In six games this season, Eagles free agent pickup Ryan Kerrigan has played a total of 152 defensive snaps.
He has one tackle.
So why hasn’t Kerrigan been productive?
“On the stat sheet you mean?” defensive coordinator Jonathan Gannon fired back. “Because in my opinion, he has been productive.”
OK. Then how would you quantify that production?
“How would I quantify that is he lines up,” Gannon said, “he gets aligned the correct way, he plays with his eyes the right way, he's asked to do the techniques that we're asking him to do and he's playing winning football within his role.”

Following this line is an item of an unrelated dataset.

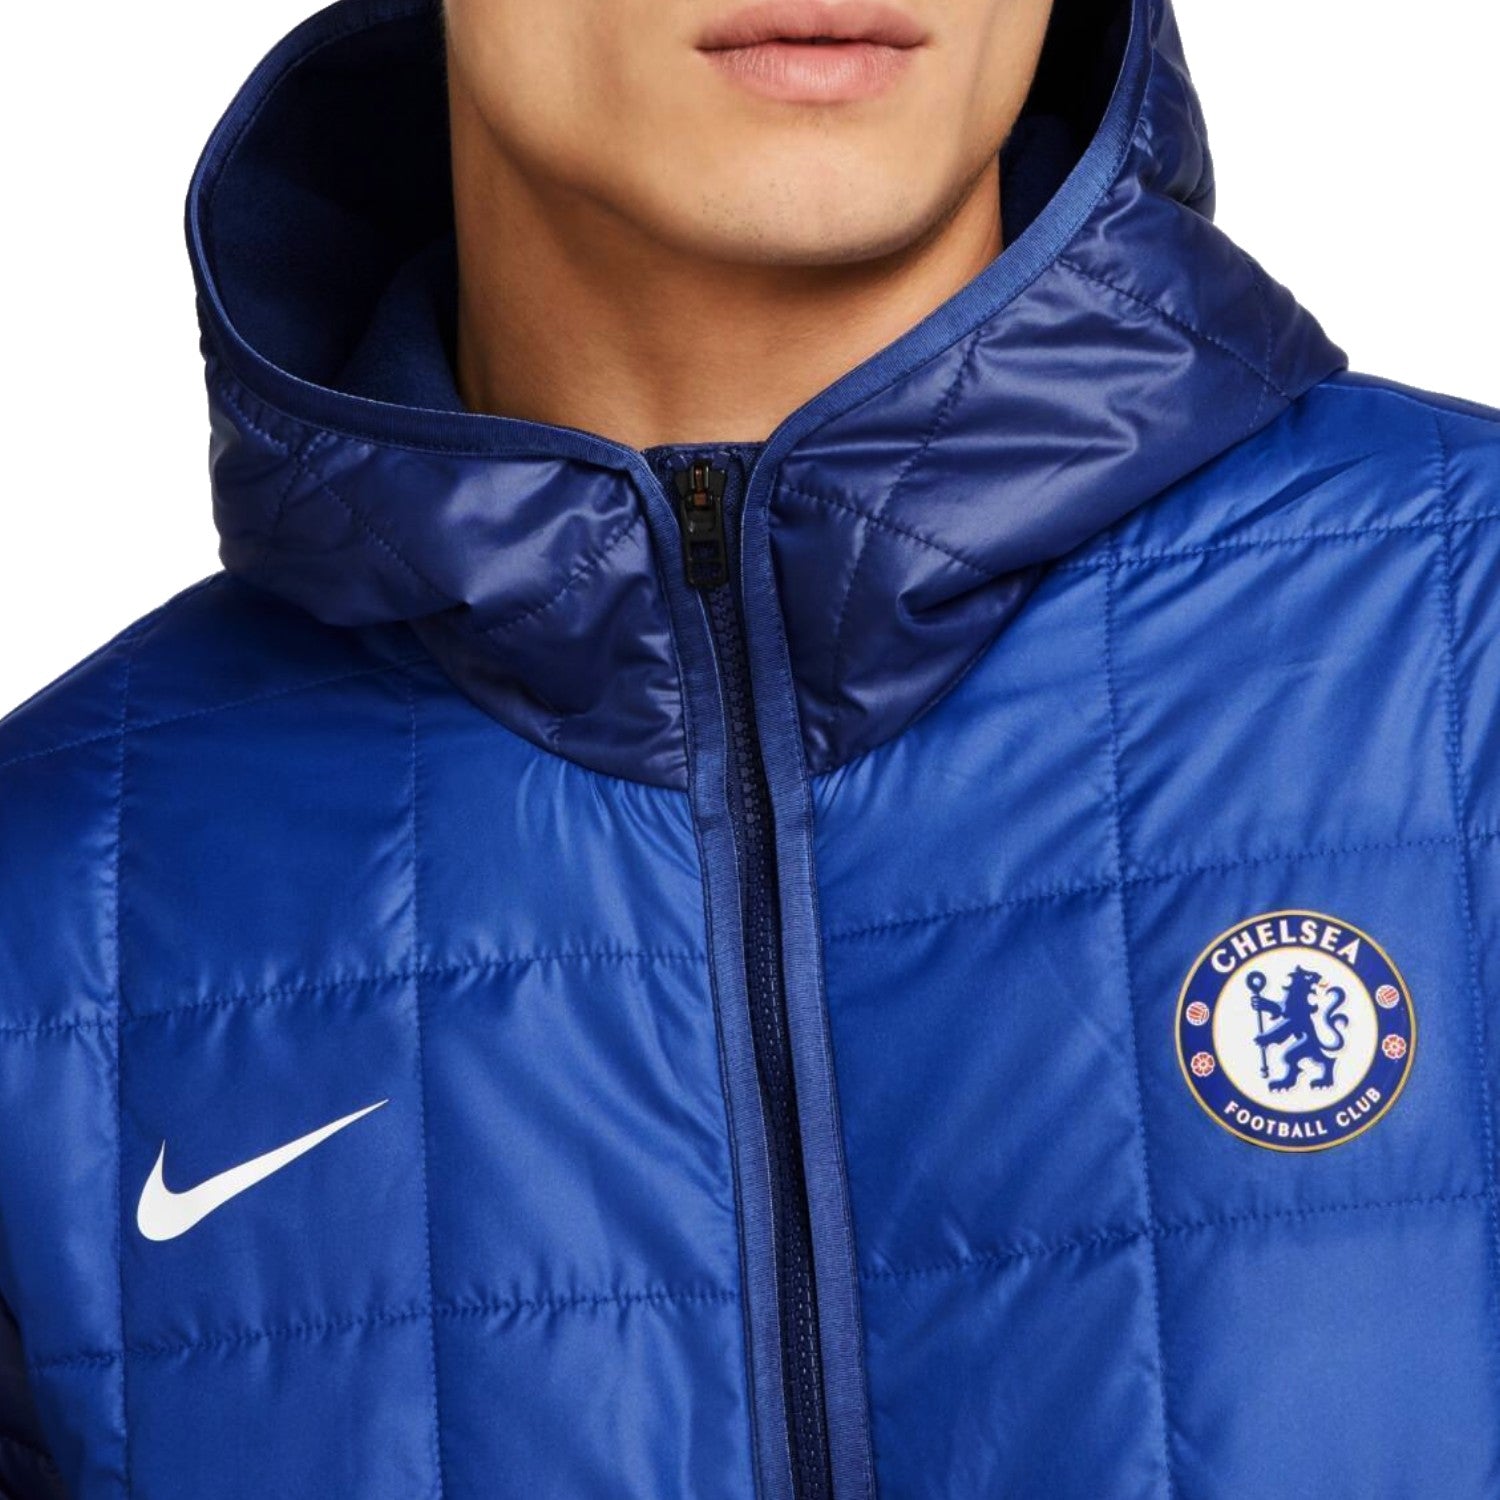 Chelsea bomber jacket 2021/22 Nike –
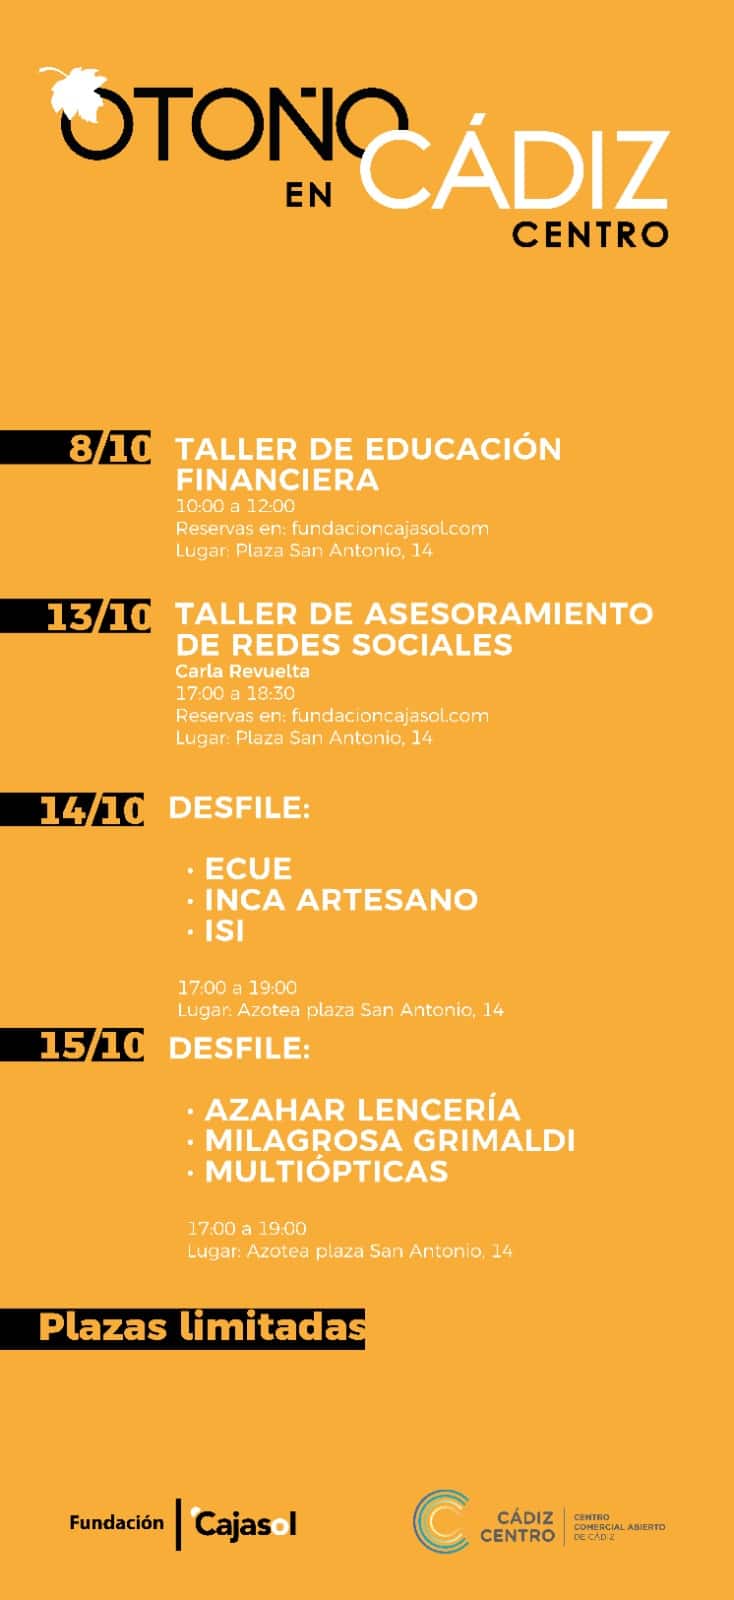 Cartel del actividades en Otoño en Cádiz Centro

“What I mean by that is, like somebody that makes a tackle on a run, well, Ryan helped that guy make that tackle by how he crushed the block. I don't always look at – with Fletcher [Cox] moving back a couple weeks, like he's balling.
“Now, the stat sheet might not jump out at you and be like, ‘Well, this guy doesn't have 10 sacks or six, whatever TFLs,’ this and that, but within the framework of what we're asking those guys to do, they're being productive.”
Gannon’s point is that good play doesn’t always show up in the stat sheet. Point taken.
And he also brought up the comparison to defensive backs. He explained that a defensive back can be playing well and not get any pass breakups or interceptions but if he gave up just two completion in six targets, that’s a “winning day.”
But for a defensive end to play 152 snaps and have just one tackle, it seems shocking.
Kerrigan, 33, signed a one-year, $2.5 million deal to join the Eagles this offseason, but he suffered a thumb injury during training camp that forced him to miss a lot of the summer. Since the season began, Kerrigan has been playing with his hand heavily wrapped, which has probably affected him more than he anticipated.
But one tackle? Through six games?
There have been times where Kerrigan has gotten some pressure and he’s drawn a couple holding calls throughout the season. And his one tackle was a tackle for loss. But this is a player who was a four-time Pro Bowler with Washington and has 95 1/2 sacks in his career. He was on a legitimate Hall of Fame trajectory in his career not that long ago.
Heck, even in a backup role last season, he still managed to have 5 1/2 sacks, 17 tackles and 5 tackles for loss with Washington last season at the age of 32.
And he has one tackle through six games.
Maybe it’s that he doesn’t fit into this defense. Maybe that thumb is really hurting him. Maybe he just doesn’t have it anymore.
But with the loss of Brandon Graham with an Achilles tear this season, the Eagles could sure use more production out of Kerrigan. Instead, Kerrigan’s snap counts have actually decreased in every single game this season, despite the injury to Graham.
Week 1: 34
Week 2: 32
Week 3: 27
Week 4: 22
Week 5: 21
Week 6: 16
Last Thursday against the Bucs, Kerrigan played just 16 snaps (21.3%) of the Eagles’ defensive snaps, his lowest total and percentage of the season.
Gannon on Tuesday was asked about the lack of a healthy DL rotation in that Bucs game and said he’d like to get those snaps more balanced so guys can stay fresh. But if the drop-off from the starters to the backups is steep, it makes it a lot harder to rotate as much as they’d like.
The point Gannon tried to make about statistics not telling the whole story is a fair one. But there’s a reason stats are kept. And there’s a reason the best edge players in the league get sacks, tackles and QB hits. You can’t ignore that either.
“But production is a way to measure; you know what I mean?,” Gannon conceded. “So, you always have to, as a coach – what's the blend of ‘Is this guy playing winning football for us?’ And who is producing when the plays that are there for him to make, does he make them? I think he is doing that.”